CUDA miner

191012141569

Comments

  • skunkskunk Member Posts: 13
    edited August 2015
    works fine on a 6x750ti rig too...
    cuda: 52Mhs, opencl: 46Mhs
  • cryptletcryptlet Member Posts: 29
    edited August 2015
    @Genoil Like @skunk says, it builds after removing -Werror.
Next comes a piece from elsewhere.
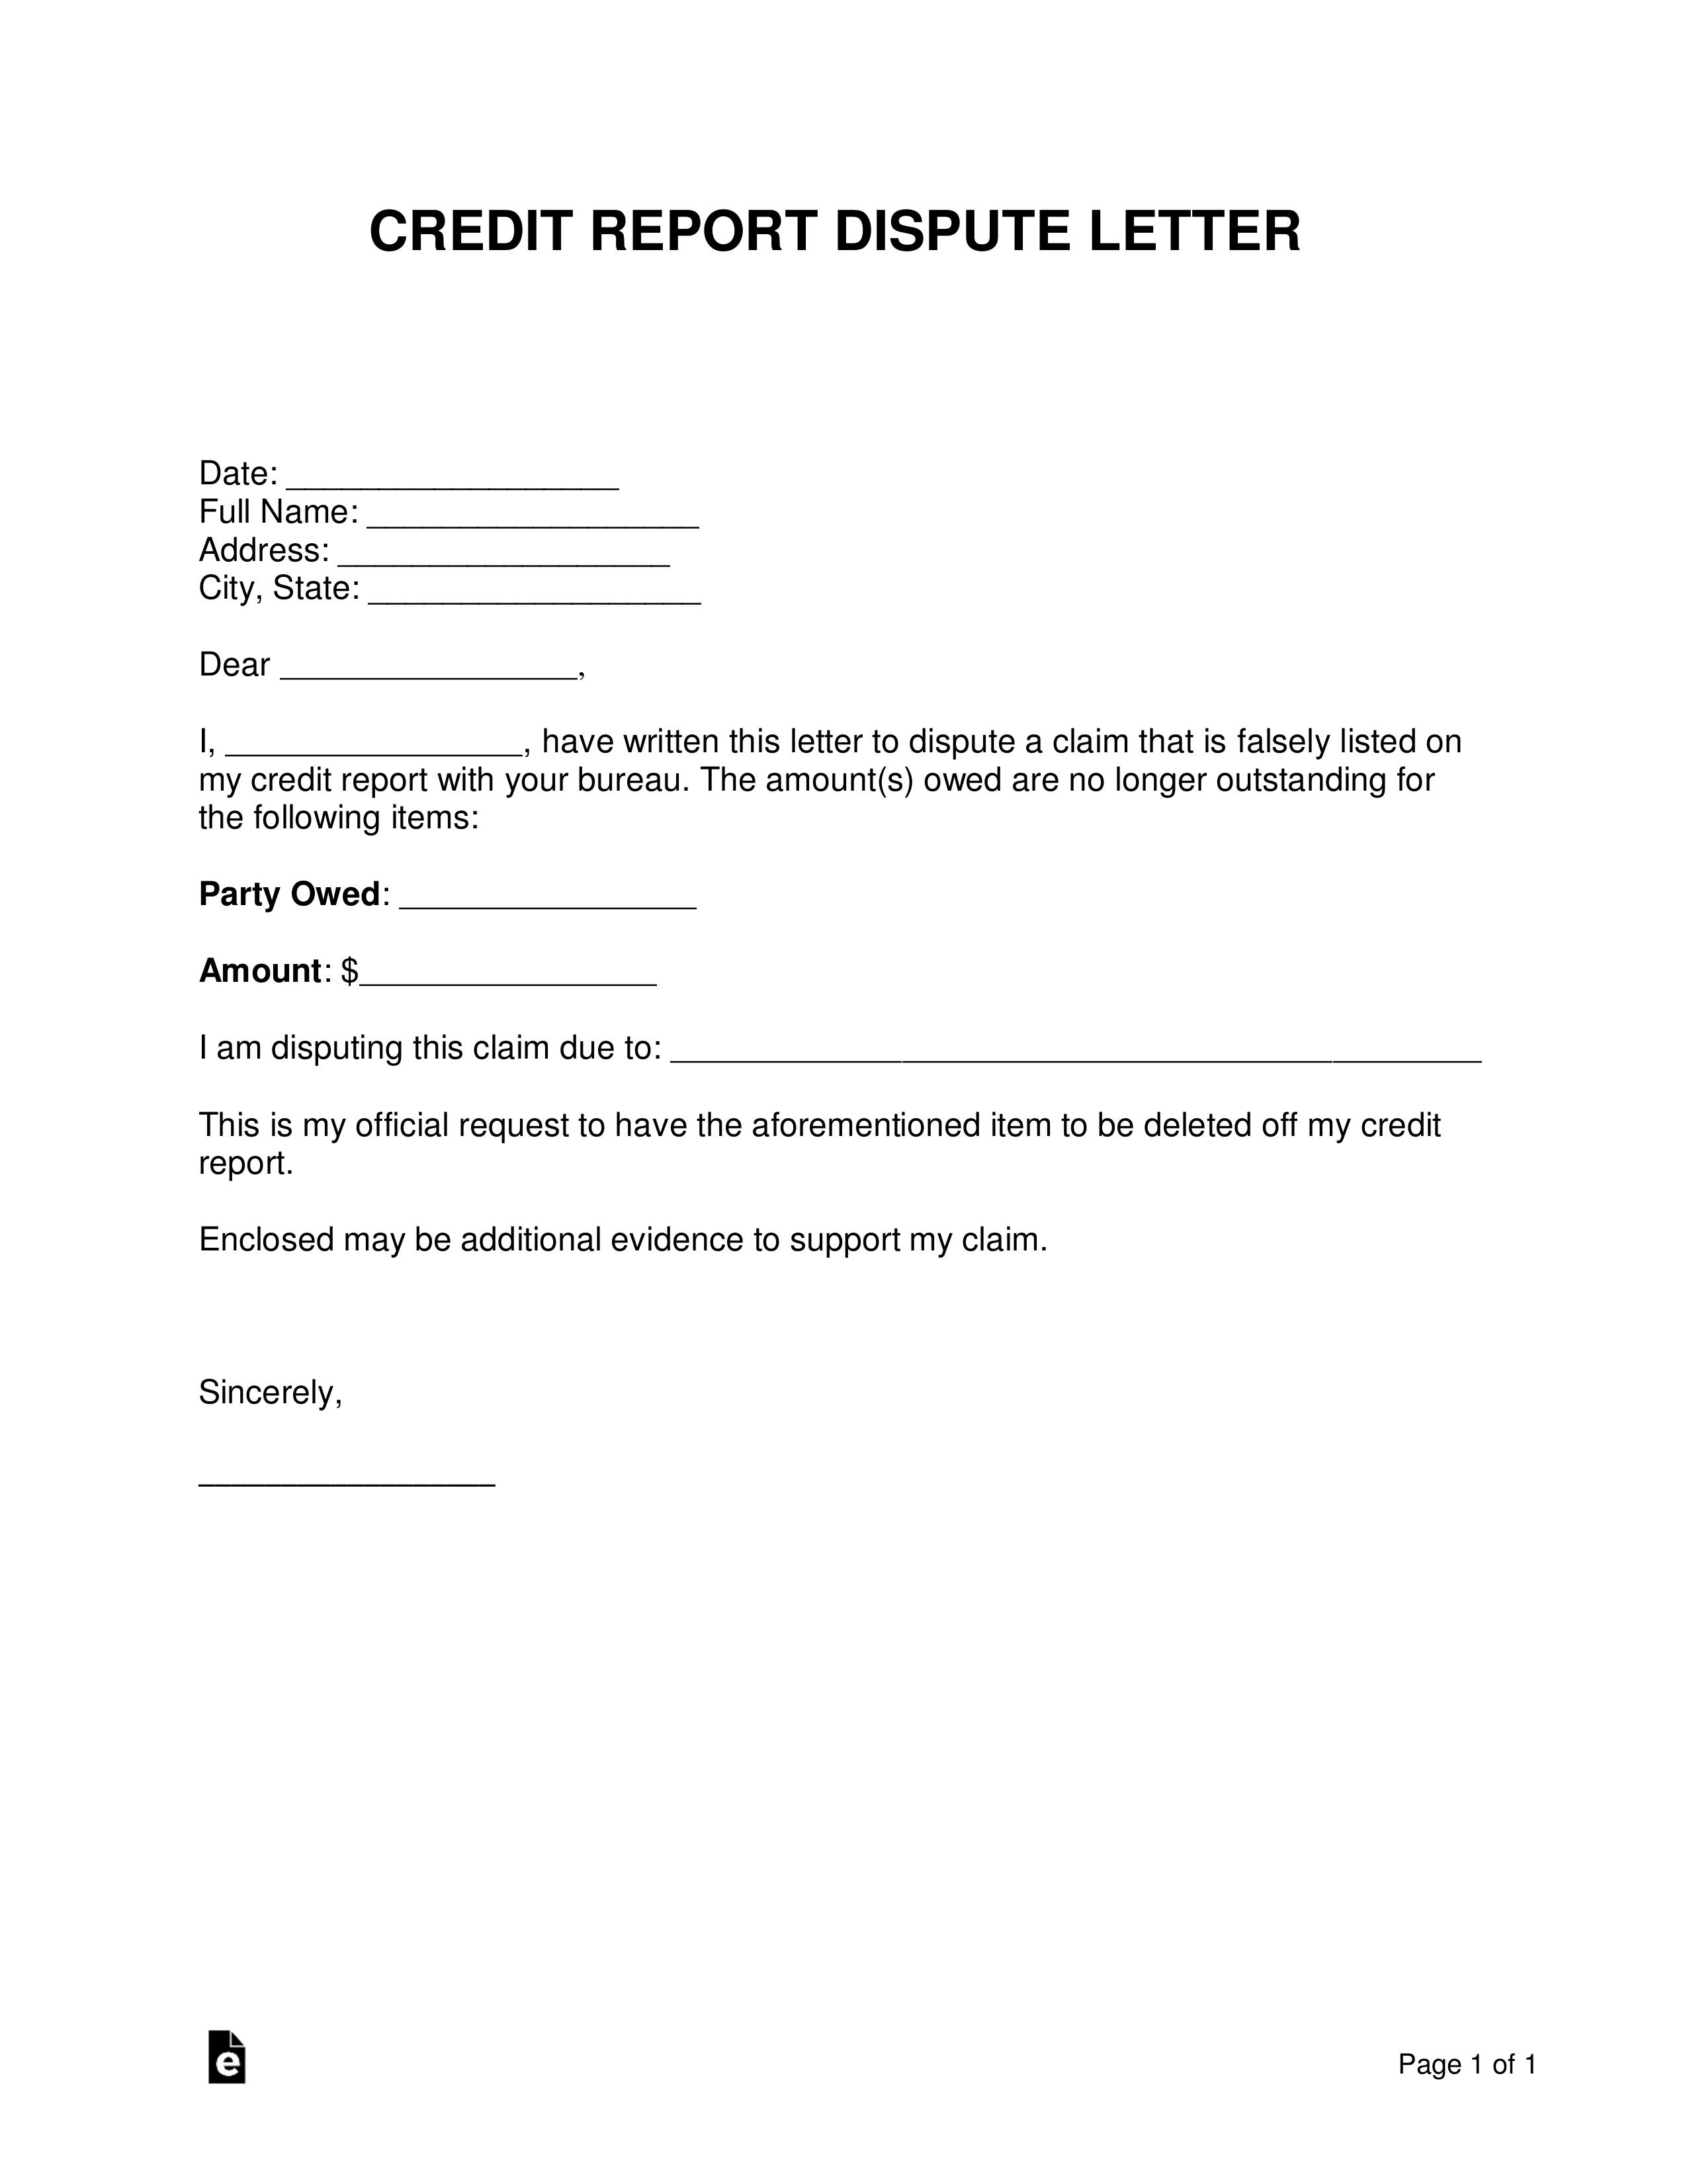 Free Credit Report Dispute Letter Template - Sample - Word Within Credit Report Dispute Letter Template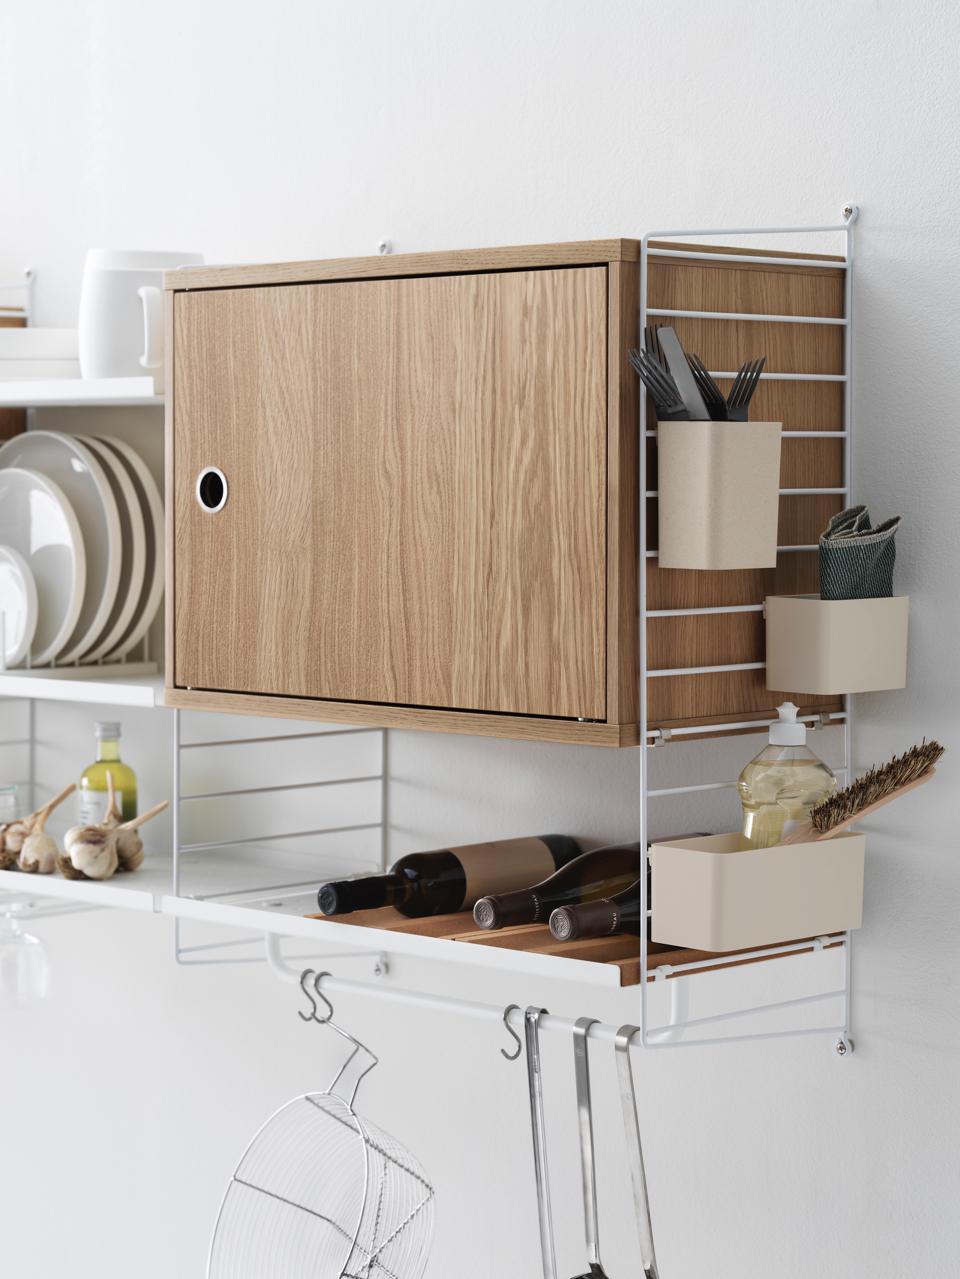 neue-kueche-trends-decohome.de-regal-oberschrank-string_furniture_drehtuerschrank_flascheneinsatz_organizer

Built on ubuntu with cuda 7.0.
    Results for my 2x 750Ti.

    (Benchmark with 1x 750Ti )
    ./ethminer -M -U
    min/mean/max: 8825514/8877943/8912896 H/s
    inner mean: 2970965 H/s

    (Benchmark with 1x 750Ti )
    ./ethminer -M -U --cuda-turbo
    min/mean/max: 8825514/8860466/8912896 H/s
    inner mean: 2970965 H/s

    (Benchmark with 2x 750Ti )
    ./ethminer -M -G
    min/mean/max: 16340309/16410213/16427690 H/s
    inner mean: 5475896 H/s

    In actual mining my 2x 750Ti get a total about 17.7+MHs total.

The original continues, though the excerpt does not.